Instructions to follow ::
No pictures belong in the copy, but every line of the material below must be reproduced exactly.

───── Input data

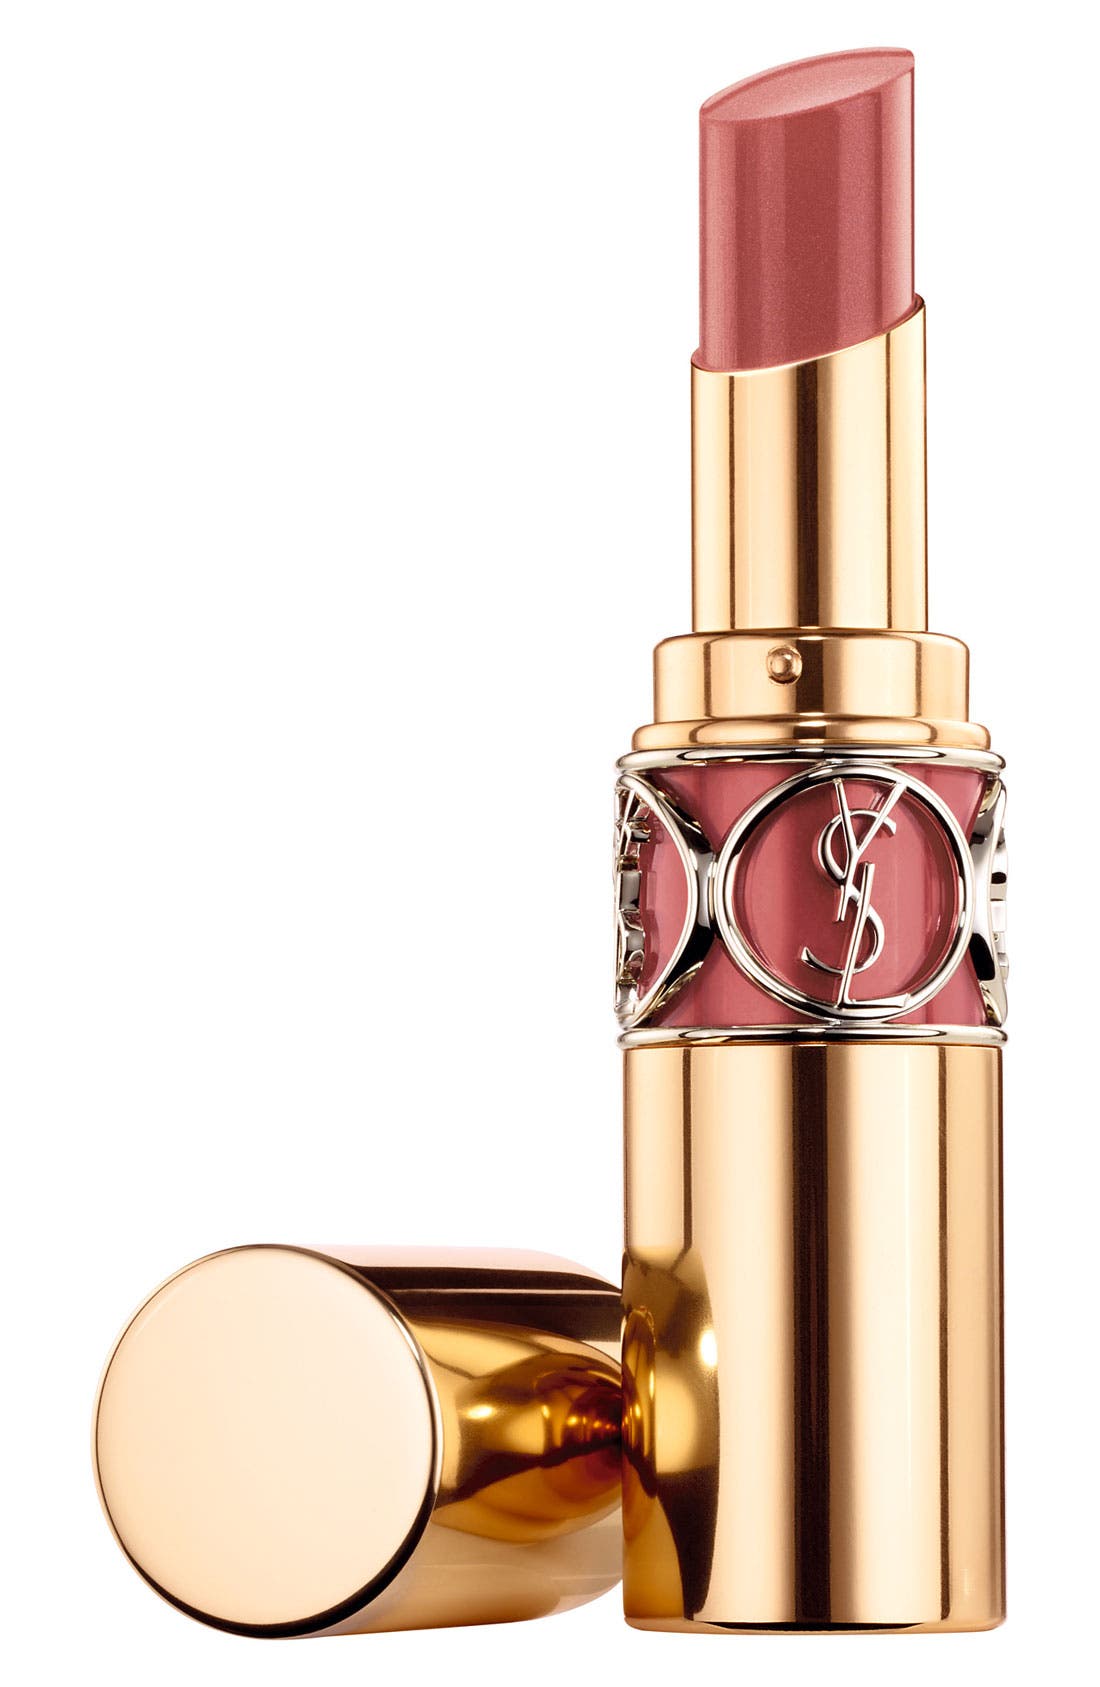 Yves Saint Laurent Rouge Volupte Shine Oil-in-Stick Lipstick Balm in 09 Nude Sheer
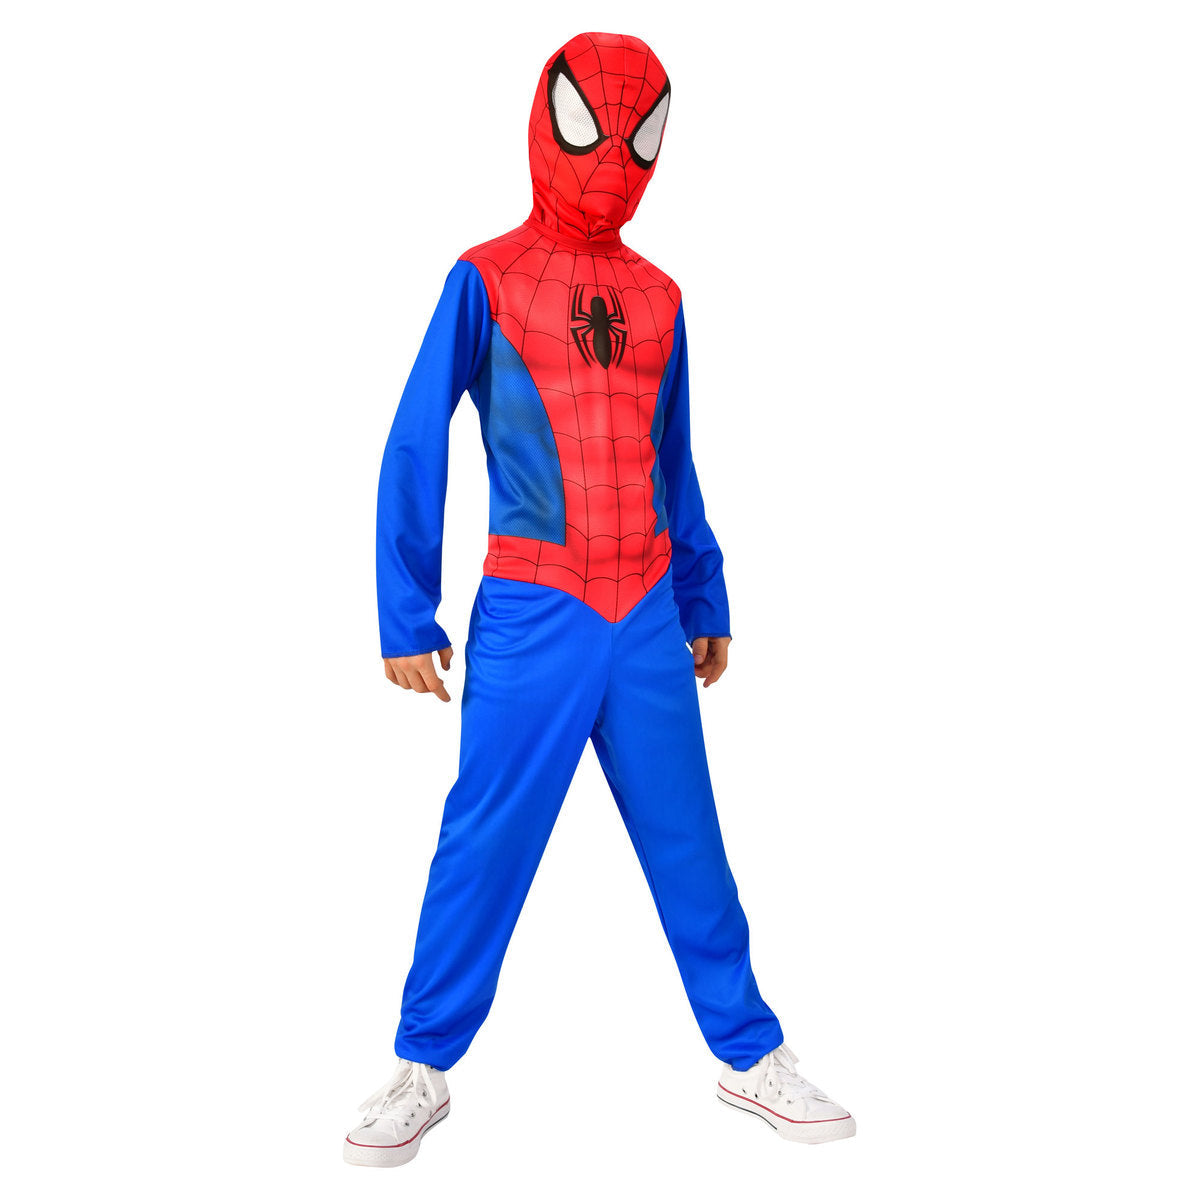 Spider-Man Dress Up Costume
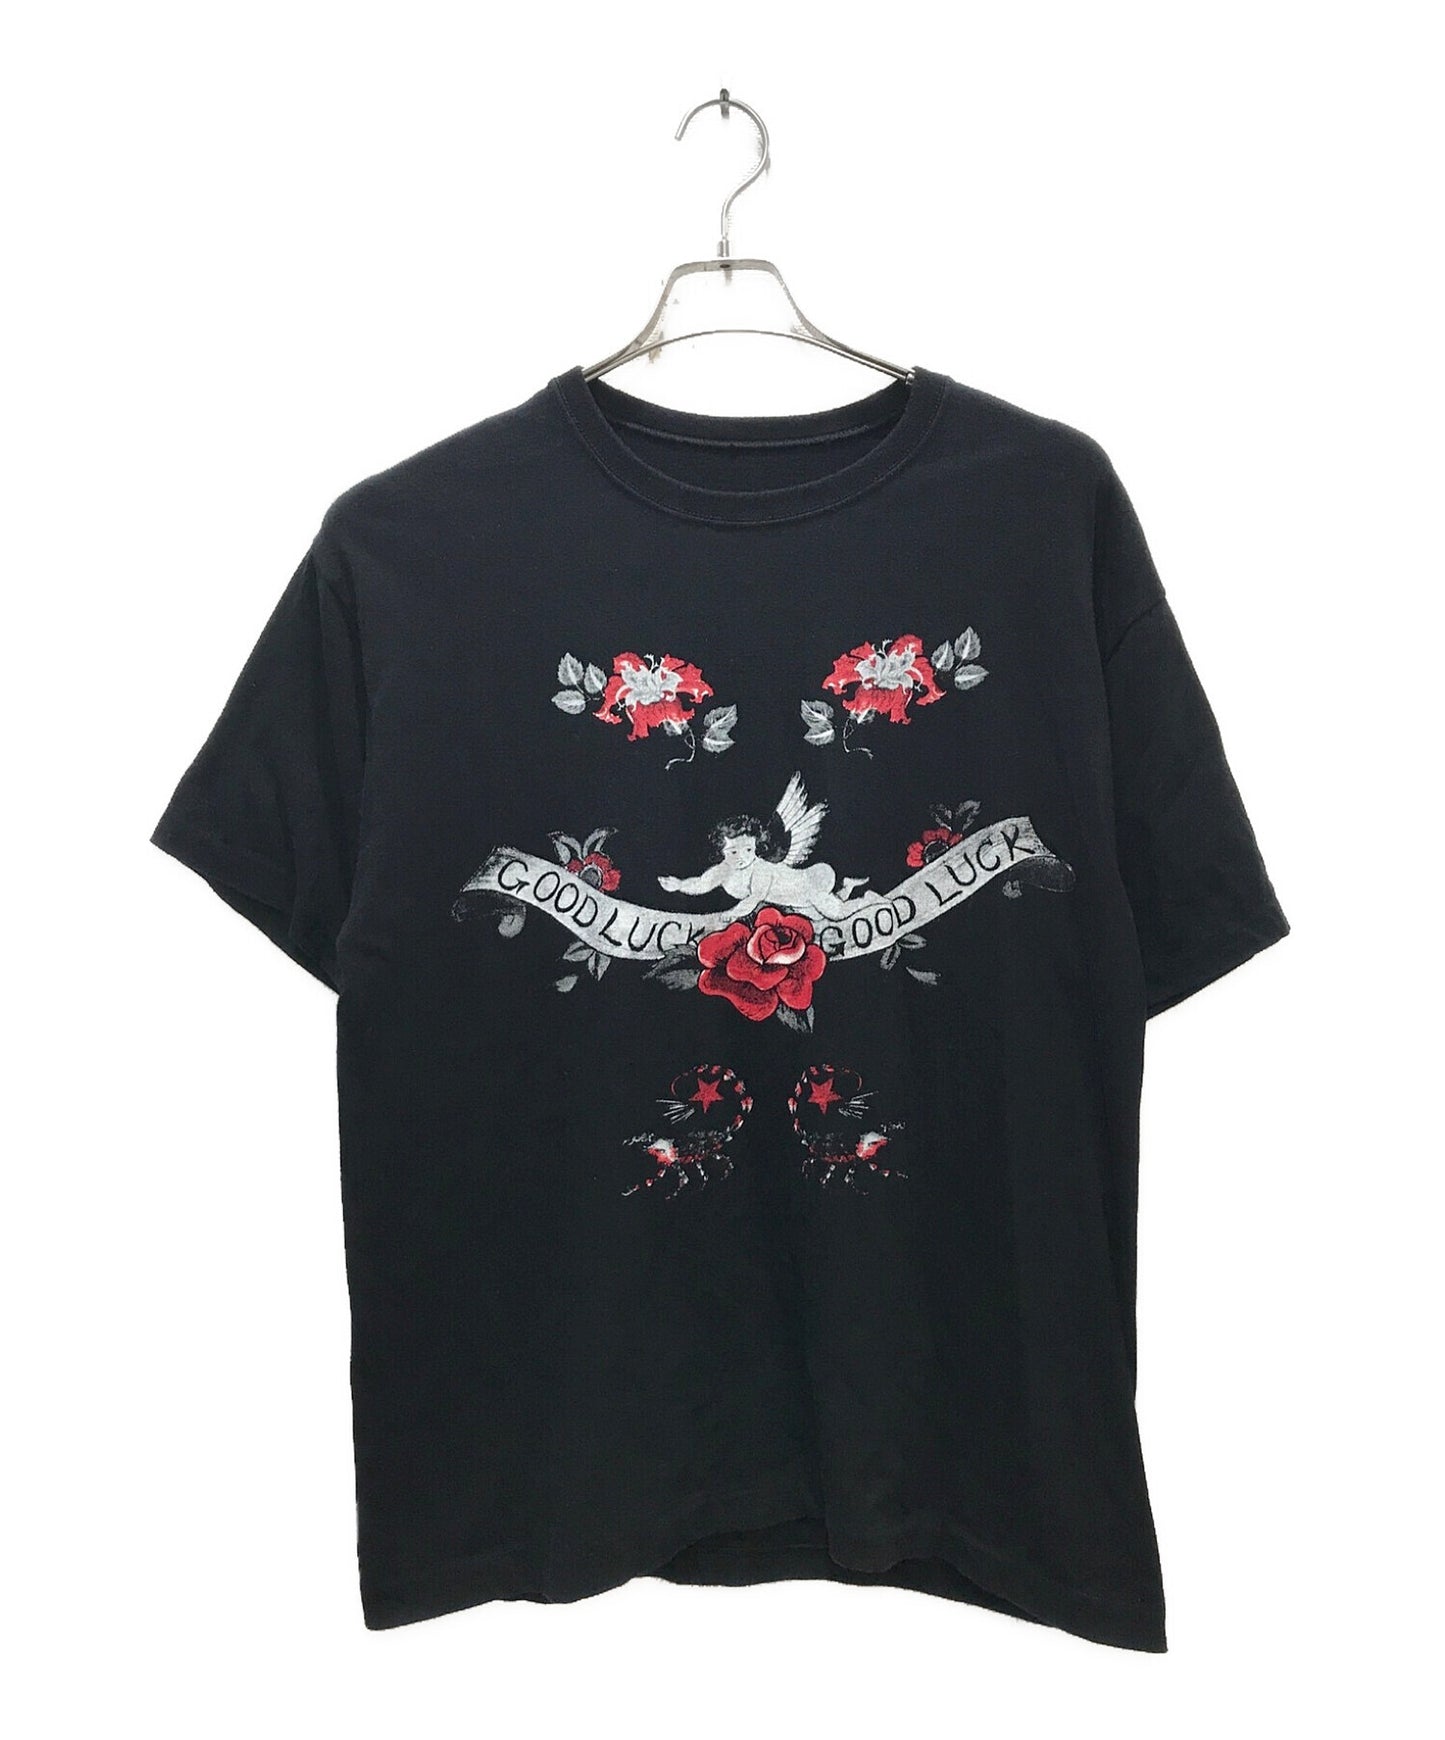 Yohji Yamamoto的S'yte 20/Cottonjersey海盗纹身T恤UH-T91-006

──────────

Response for this exercise ::
 Yves Saint Laurent Rouge Volupte Shine Oil-in-Stick Lipstick Balm in 09 Nude Sheer
 Spider-Man Dress Up Costume
 Yohji Yamamoto的S'yte 20/Cottonjersey海盗纹身T恤UH-T91-006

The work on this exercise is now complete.